Starting from the line with "Fans of the" and going up to and including the line with "Thomas Edison Quote", copy the listing below exactly. Leave all images out.

* [Data listing]:

※

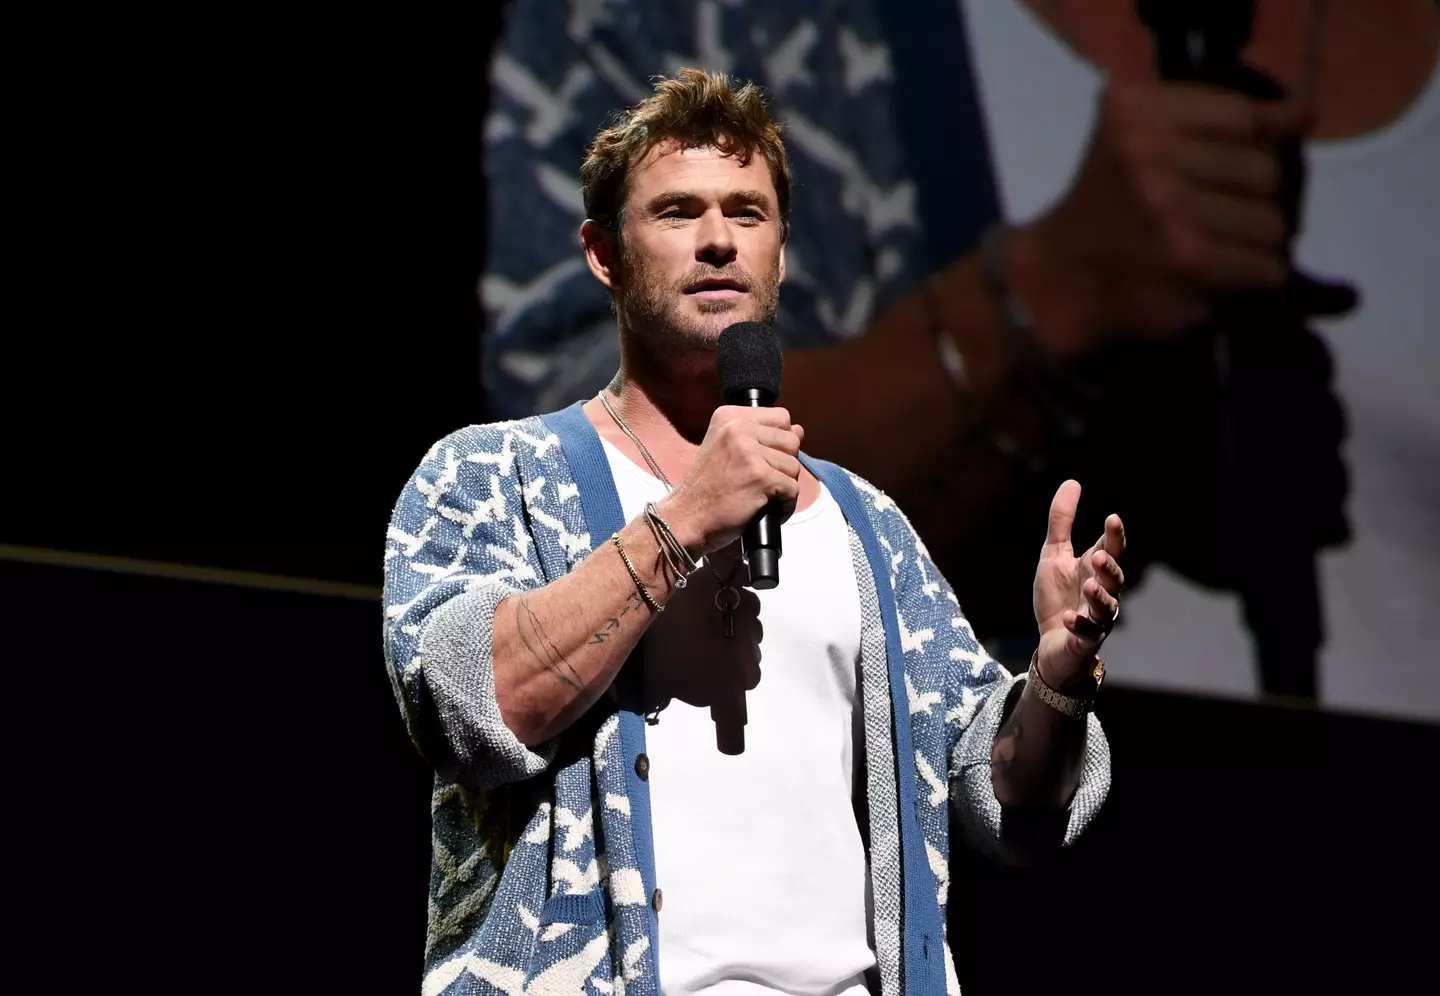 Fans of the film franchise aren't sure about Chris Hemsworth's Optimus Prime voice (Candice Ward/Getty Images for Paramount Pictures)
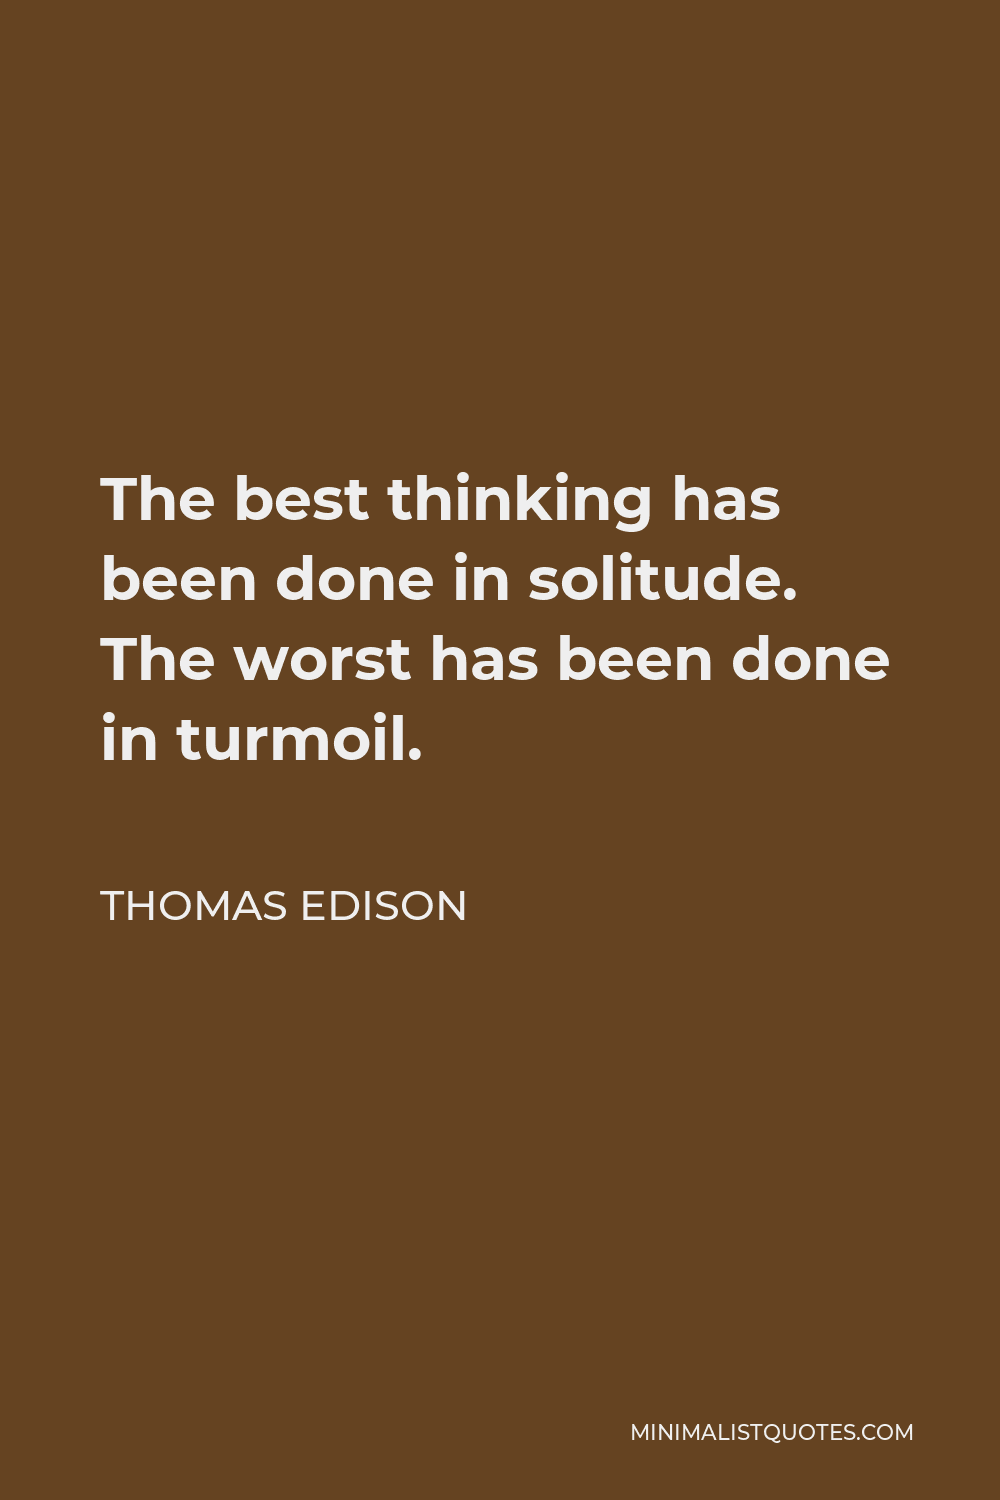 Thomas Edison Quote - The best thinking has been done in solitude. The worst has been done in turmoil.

※

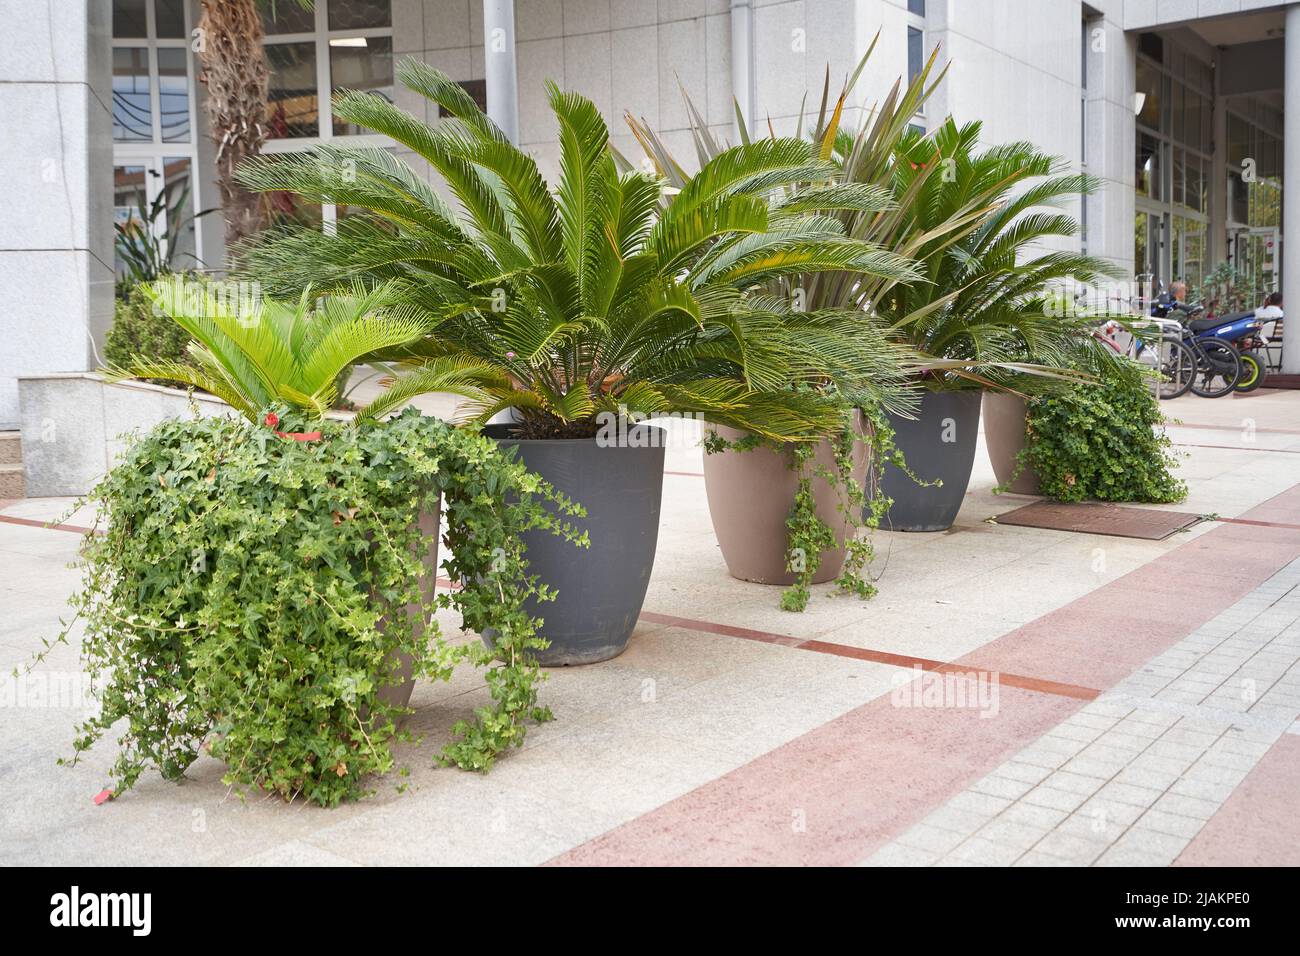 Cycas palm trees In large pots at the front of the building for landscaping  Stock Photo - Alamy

※

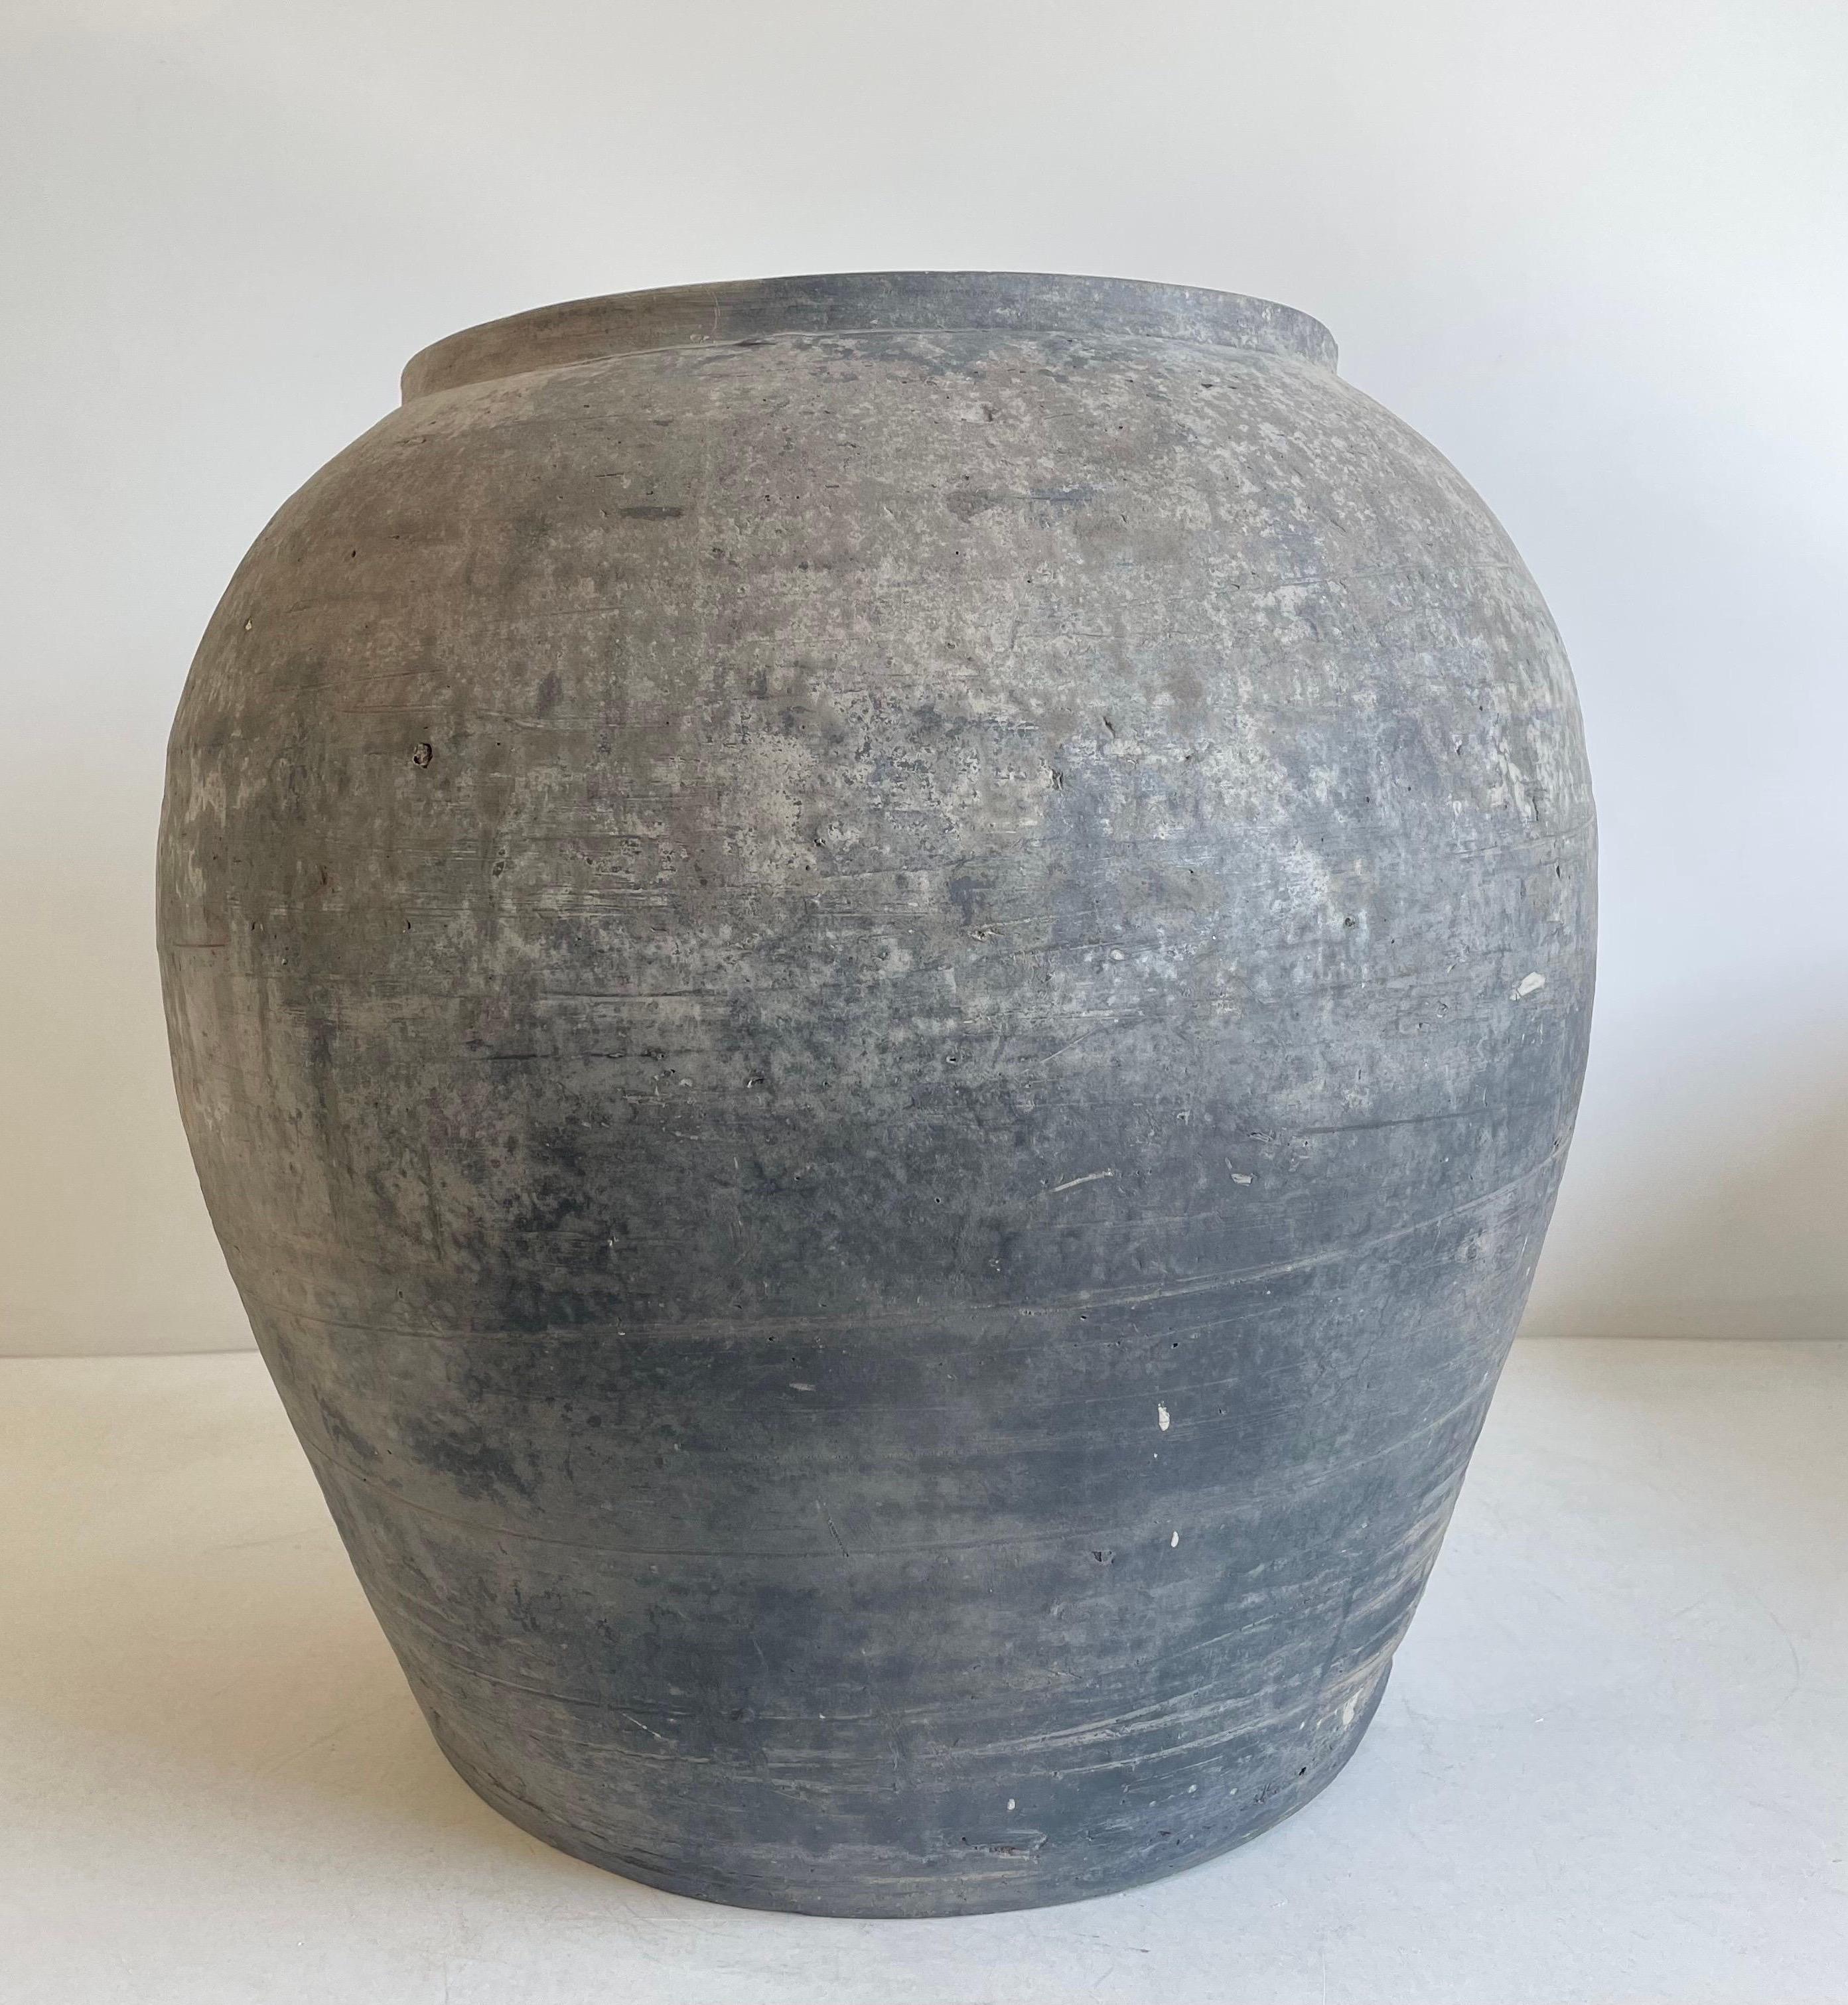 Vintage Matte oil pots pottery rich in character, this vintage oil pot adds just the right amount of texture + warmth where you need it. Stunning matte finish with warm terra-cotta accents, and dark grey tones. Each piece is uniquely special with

※

* [Written response]:
 Fans of the film franchise aren't sure about Chris Hemsworth's Optimus Prime voice (Candice Ward/Getty Images for Paramount Pictures)
 Thomas Edison Quote - The best thinking has been done in solitude. The worst has been done in turmoil.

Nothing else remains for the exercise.